Motivation: Geometry in High Dimensions
In high dimensions, many datasets exhibit redundancy: although observations live in $\mathbb{R}^N$ with $N$ large, their intrinsic dimension is often much smaller. Random projections exploit this by embedding high-dimensional data into a lower- dimensional space while approximately preserving Euclidean geometry.
The central question is:
How small can the target dimension be while preserving pairwise distances?
Random Linear Maps
Let $R \in \mathbb{R}^{n\times N}$ be a random matrix and define the linear map \(f(x) = \frac{1}{\sqrt{n}} R x.\)
Common choices for $R$ include:
- i.i.d. Gaussian entries $R_{ij}\sim \mathcal N(0,1)$,
- i.i.d. Rademacher entries $R_{ij}\in{\pm1}$ with equal probability,
- sparse or structured random matrices.
The normalization ensures that $\mathbb E|f(x)|_2^2=|x|_2^2$.
Johnson–Lindenstrauss Lemma
The foundational result in random projection theory is the Johnson–Lindenstrauss (JL) lemma.

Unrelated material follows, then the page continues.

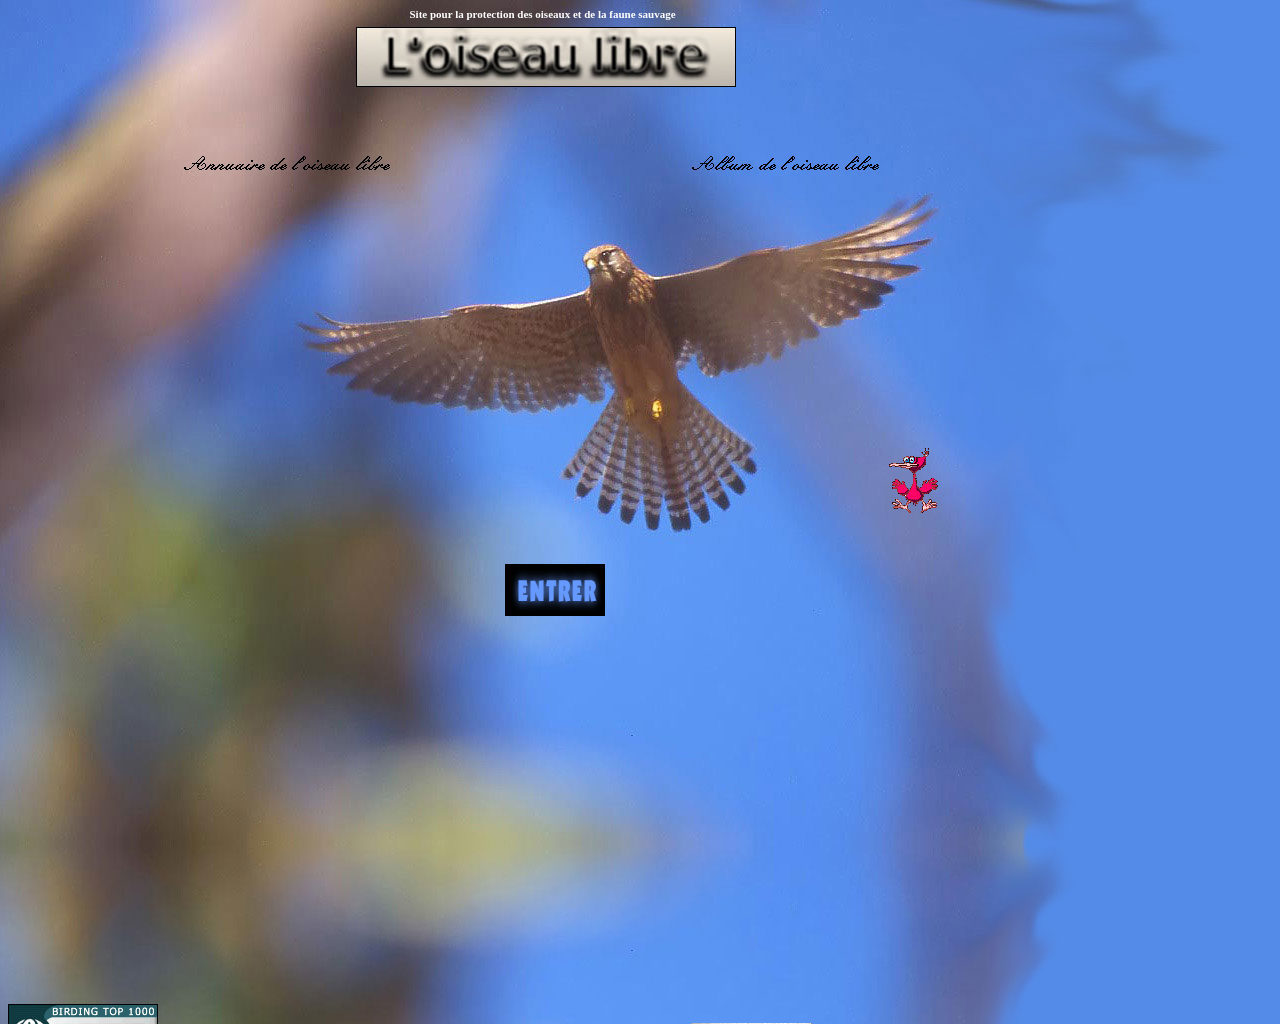 www.oiseau-libre.net

Let $Q={x_1,\ldots,x_q}\subset\mathbb{R}^N$ and let $\epsilon\in(0,1)$. There exists a linear map $f:\mathbb{R}^N\to\mathbb{R}^n$ with \(n = O\!\left(\frac{\log q}{\epsilon^2}\right)\) such that, for all $u,v\in Q$, \((1-\epsilon)\|u-v\|_2^2 \le \|f(u)-f(v)\|_2^2 \le (1+\epsilon)\|u-v\|_2^2.\)
Moreover, a random projection with i.i.d. Gaussian or Rademacher entries satisfies this property with high probability.
Interpretation
- The embedding dimension $n$ depends logarithmically on the number of points, not on the ambient dimension $N$.

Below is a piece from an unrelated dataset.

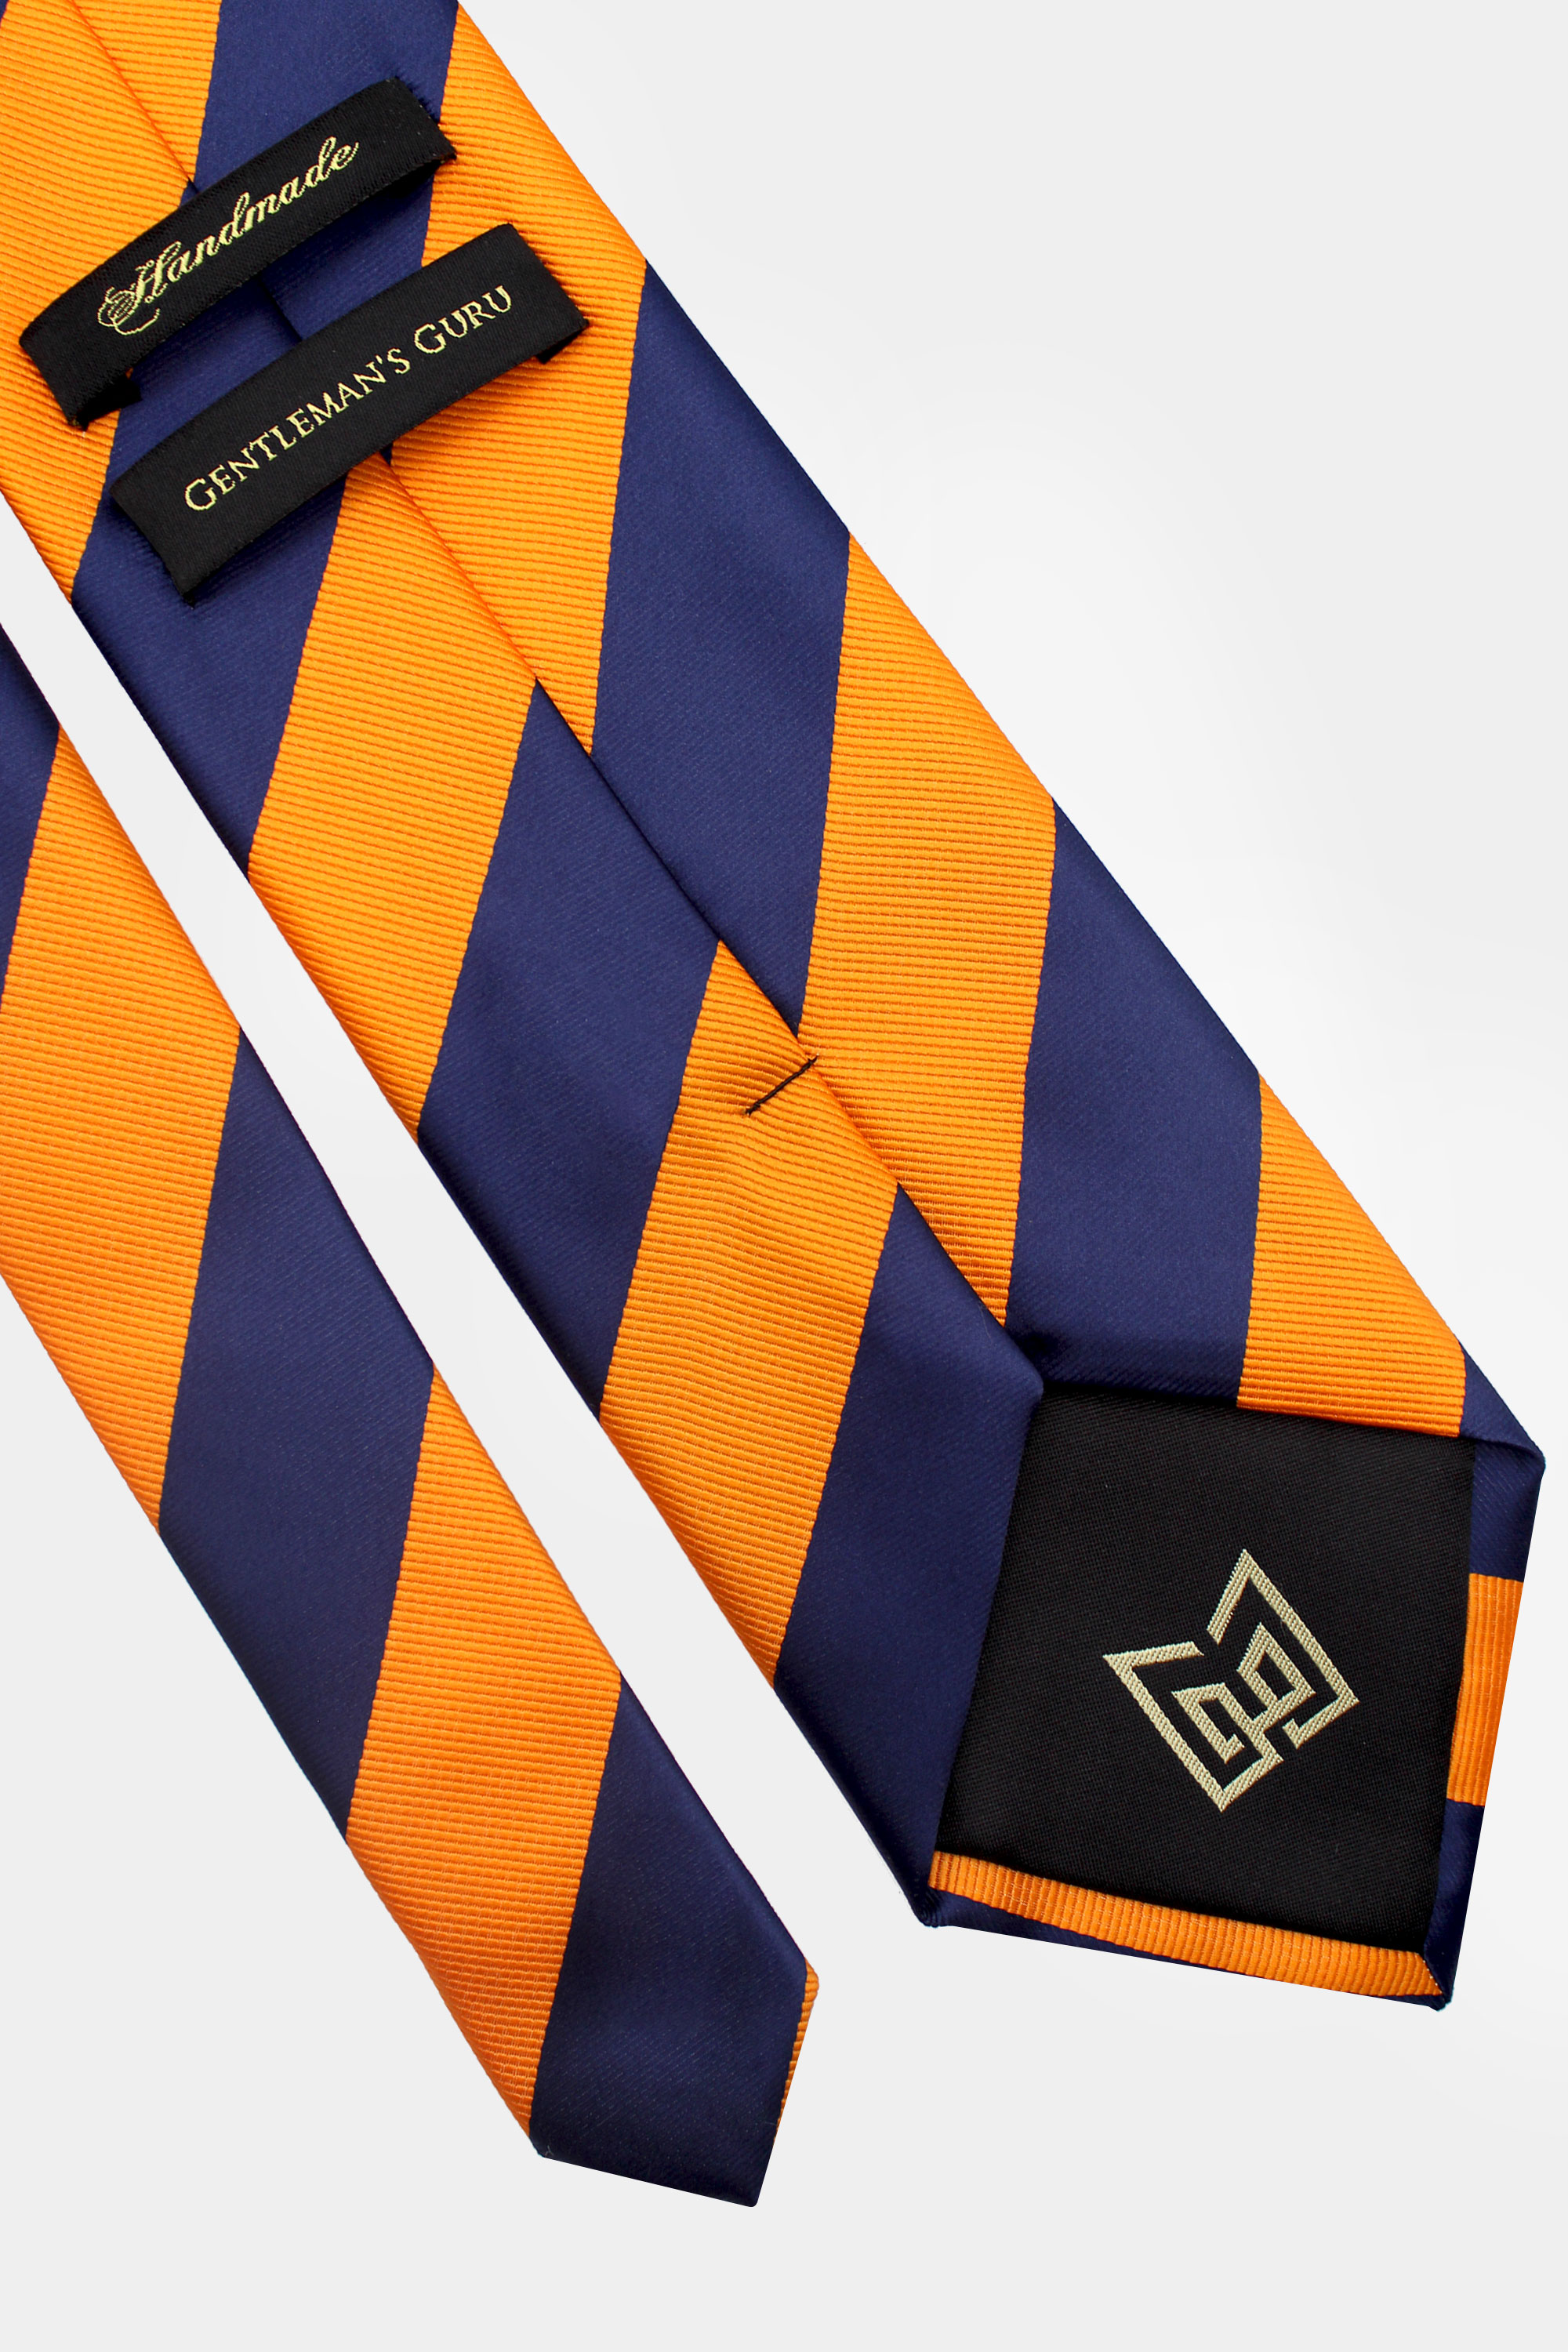 Navy-Blue-and-Orange-Striped-Tie-from-Gentlemansguru.com

- Pairwise Euclidean distances are approximately preserved.
- The result is non-adaptive: the same random map works for all pairs in $Q$.
This phenomenon is a manifestation of concentration of measure in high- dimensional probability.

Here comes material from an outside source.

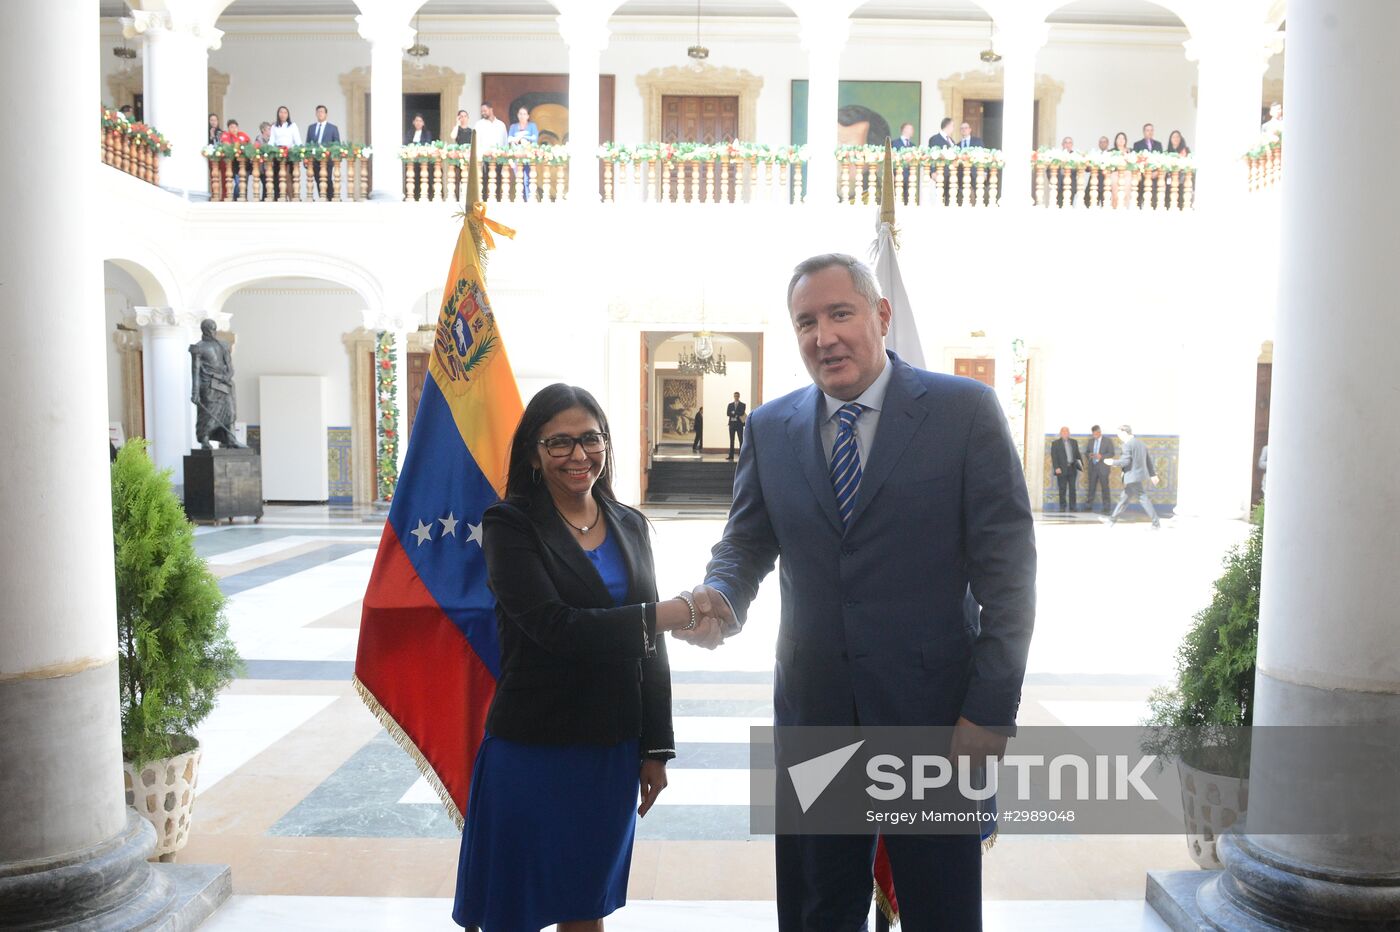 Deputy Prime Minister Dmitry Rogozin's visit to Venezuela

Distance and Inner Product Preservation
Distance preservation implies approximate inner product preservation. For centered data, \(\langle u,v\rangle = \frac{1}{2}\left(\|u\|_2^2 + \|v\|_2^2 - \|u-v\|_2^2\right).\)
Thus, JL embeddings preserve:
- angles between vectors,
- cosine similarity,
- norms of individual vectors.
Subspace Embeddings
The JL lemma extends beyond finite point sets.
Let $S\subset\mathbb{R}^N$ be a fixed $k$-dimensional subspace. A random projection $f:\mathbb{R}^N\to\mathbb{R}^n$ with \(n = O\!\left(\frac{k}{\epsilon^2}\right)\) satisfies \((1-\epsilon)\|x\|_2^2 \le \|f(x)\|_2^2 \le (1+\epsilon)\|x\|_2^2 \quad \forall x\in S\) with high probability.
Such maps are called oblivious subspace embeddings.
- Random projections are geometry-preserving, not data-adaptive.
- They complement, rather than replace, structured decompositions like SVD.
- JL-type results explain why high-dimensional data often behaves “as if” it were low-dimensional.